В собрании поручик действительно быстро вылечил меня, лично приготовив из каких-то напитков что-то вроде бурды и предложив соответствующую закуску. Тем временем в столовую явились вчерашние новоиспеченные — помятые, вялые и, видимо, страдающие. Покуда Урусов-старший принялся за их лечение, вошел старший полковник фон Шведер, как всегда чопорный и официальный. Мы вскочили, а полковник совсем неожиданно пригласил всех нас, «молодых», последовать за ним в соседнюю комнату для «небольшой беседы».
Эдуард Николаевич фон Шведер был среднего роста, сухой, хорошо сложенный мужчина лет сорока с породистым «дворянским» лицом. Черные волосы его были зализаны всегда безукоризненным нафиксатуаренным английским пробором. Черные щетины его усов были подстрижены с точностью до 0,1 миллиметра. Энергичный выдающийся подбородок был всегда только что выбрит, нижняя губа несколько брюзгливо выпячивалась вперед. Нос у него был большой, наподобие орлиного, а из-под черных бровей выскакивали блестящие темно-карие глаза — злющие, строгие, официальные. Говорил полковник тихим, низким баритоном и чуточку в нос. При одном виде этого всегда подтянутого полковника и самому невольно хотелось подтянуться, и всякий офицер при встрече с ним невольно оглядывал себя.
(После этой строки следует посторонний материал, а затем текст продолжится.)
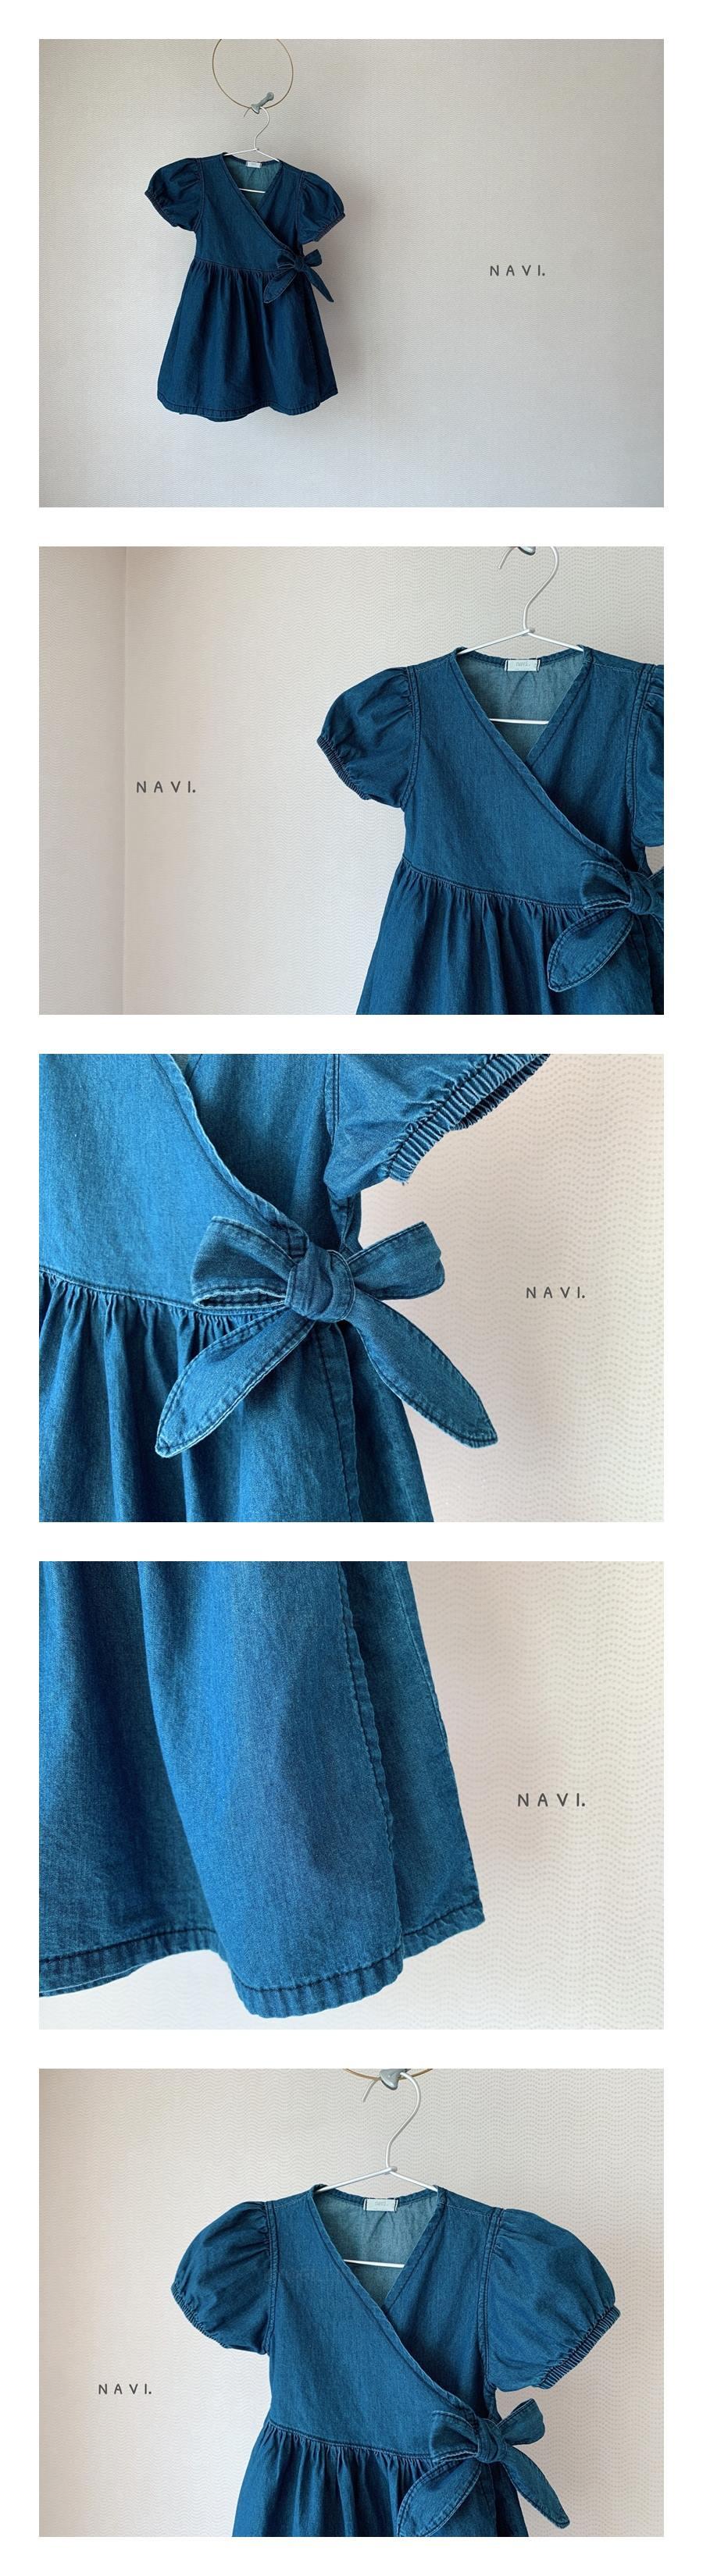 NAVI - Korean Children Fashion - #Kfashion4kids - Wrap One-piece

«Закройте дверь», — строго сказал Эдуард Николаевич, лишь только мы взошли за ним в соседнюю комнату, полковник и нам не предложил сесть, и сам не уселся. Он так холодно и внушительно глянул на нас, что мы — четверо новоиспеченных — невольно выстроились рядком в позах «смирно».
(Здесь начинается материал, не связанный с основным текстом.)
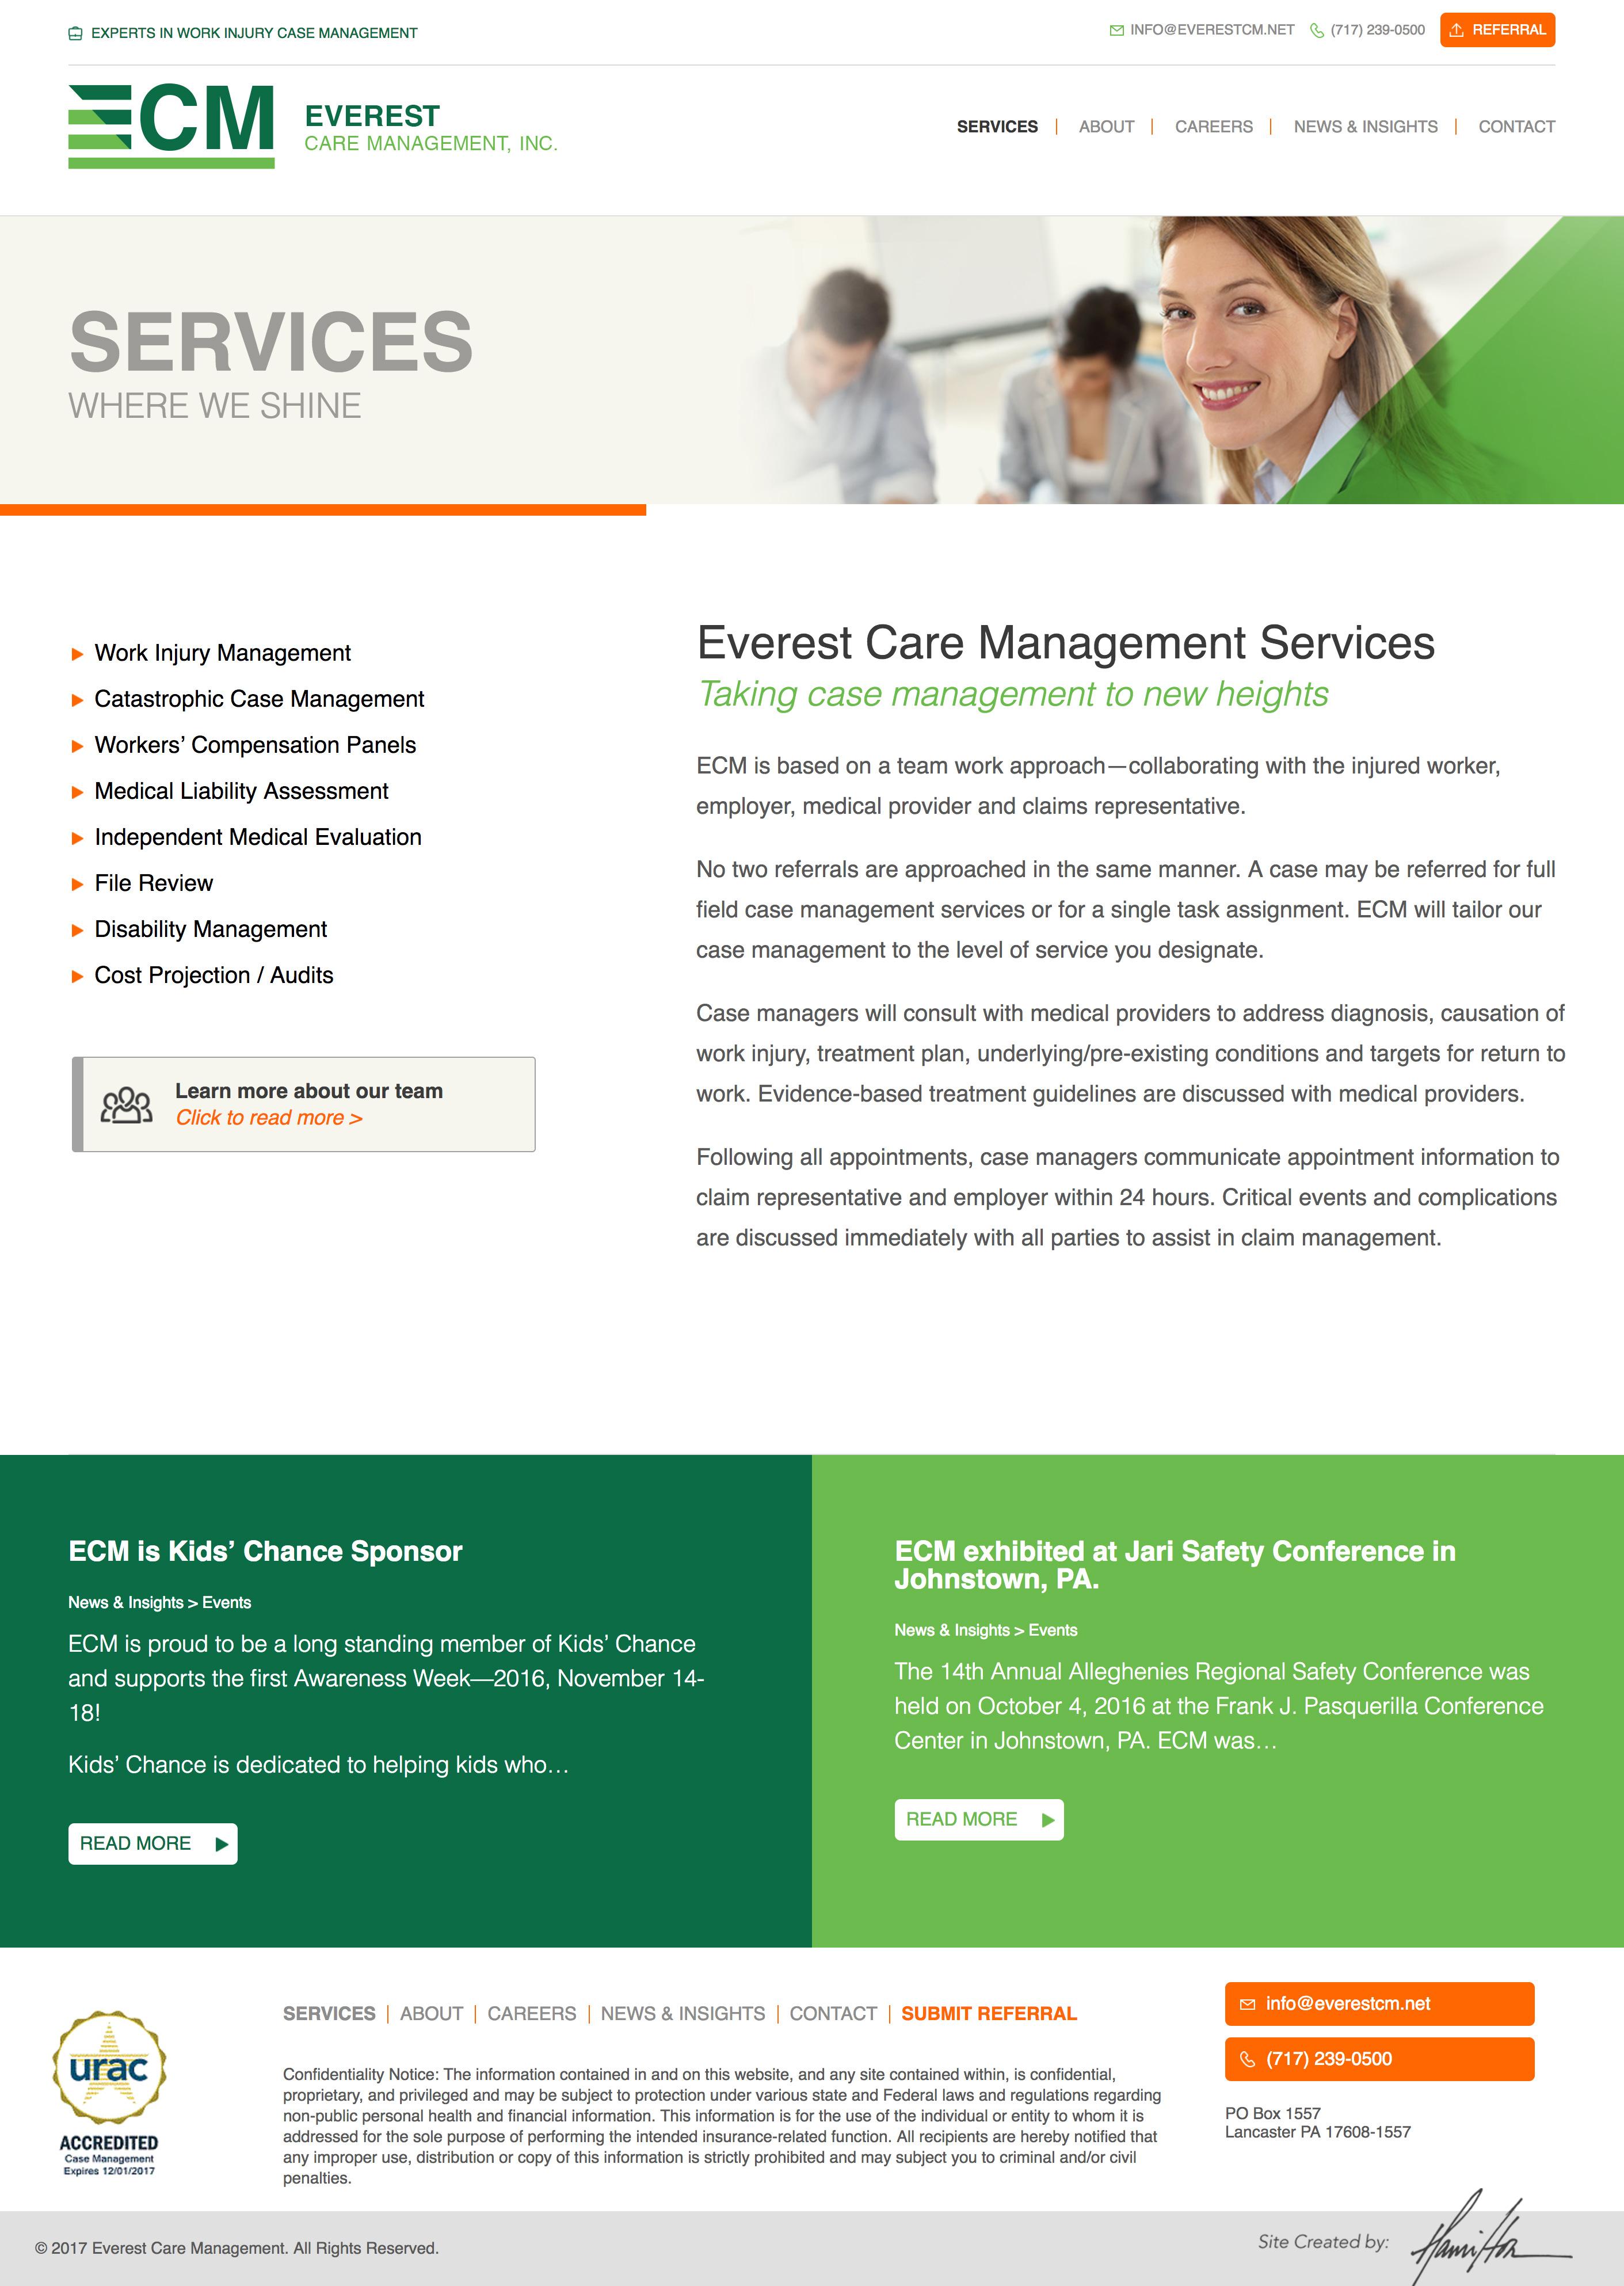 ECM - Services

— Господа, — тихо проговорил он. — Кирасирский полк оказал вам великую честь, приняв вас офицерами в свою среду. Вчера вы надели офицерские погоны Кирасирского полка. Я — ваш старший полковник — требую от вас, чтобы — где бы вы ни находились, — вы ни на минуту не забывали, что у вас на плечах офицерские знаки нашего полка. Эти погоны обязывают вас… Да, эти погоны обязывают всякого, кто имеет честь их носить, к достойным поступкам, порядочности и приличию. Помните, что в глазах общества и света всякий ваш неблаговидный поступок или даже жест будет приписан не столько вашей личности, сколько всему полку, потому что полк, принявший в свою среду офицера, тем самым гарантирует его порядочность и воспитанность. Офицера, не умеющего ограждать свое достоинство и достоинство полка, офицера, не умеющего держать себя, полк не потерпит в своей среде. Теперь — относительно денежных дел… (я говорю об этом с вами в первый, и, на-де-юсь, в последний раз). Я требую от вас в этом вопросе высшей щепетильности. Полк требует от своих офицеров, чтобы они жили прилично, но… если у вас нет для этого средств — постарайтесь сами скорее покинуть полк. Жизнь выше средств, неоплаченные счета, долги и векселя — все это в конце концов приводит офицера к совершению неблаговидных, даже бесчестных поступков. Запомните это и сделайте отсюда сами надлежащие выводы. Это ясно… Но я лично вас предупреждаю: первый же неблаговидный или неприличный поступок — и даю вам честное слово — вам придется в двадцать четыре часа покинуть полк… Да, господа… полк этого не по-тер-пит и никому не простит, кто бы он ни был и какими бы связями он ни обладал.
Я требую от вас соблюдения в полку строжайшей дисциплины на службе, а в собрании оказывать уважение каждому старшему товарищу, будь он хотя бы только одним выпуском старше вас или даже одного выпуска с вами.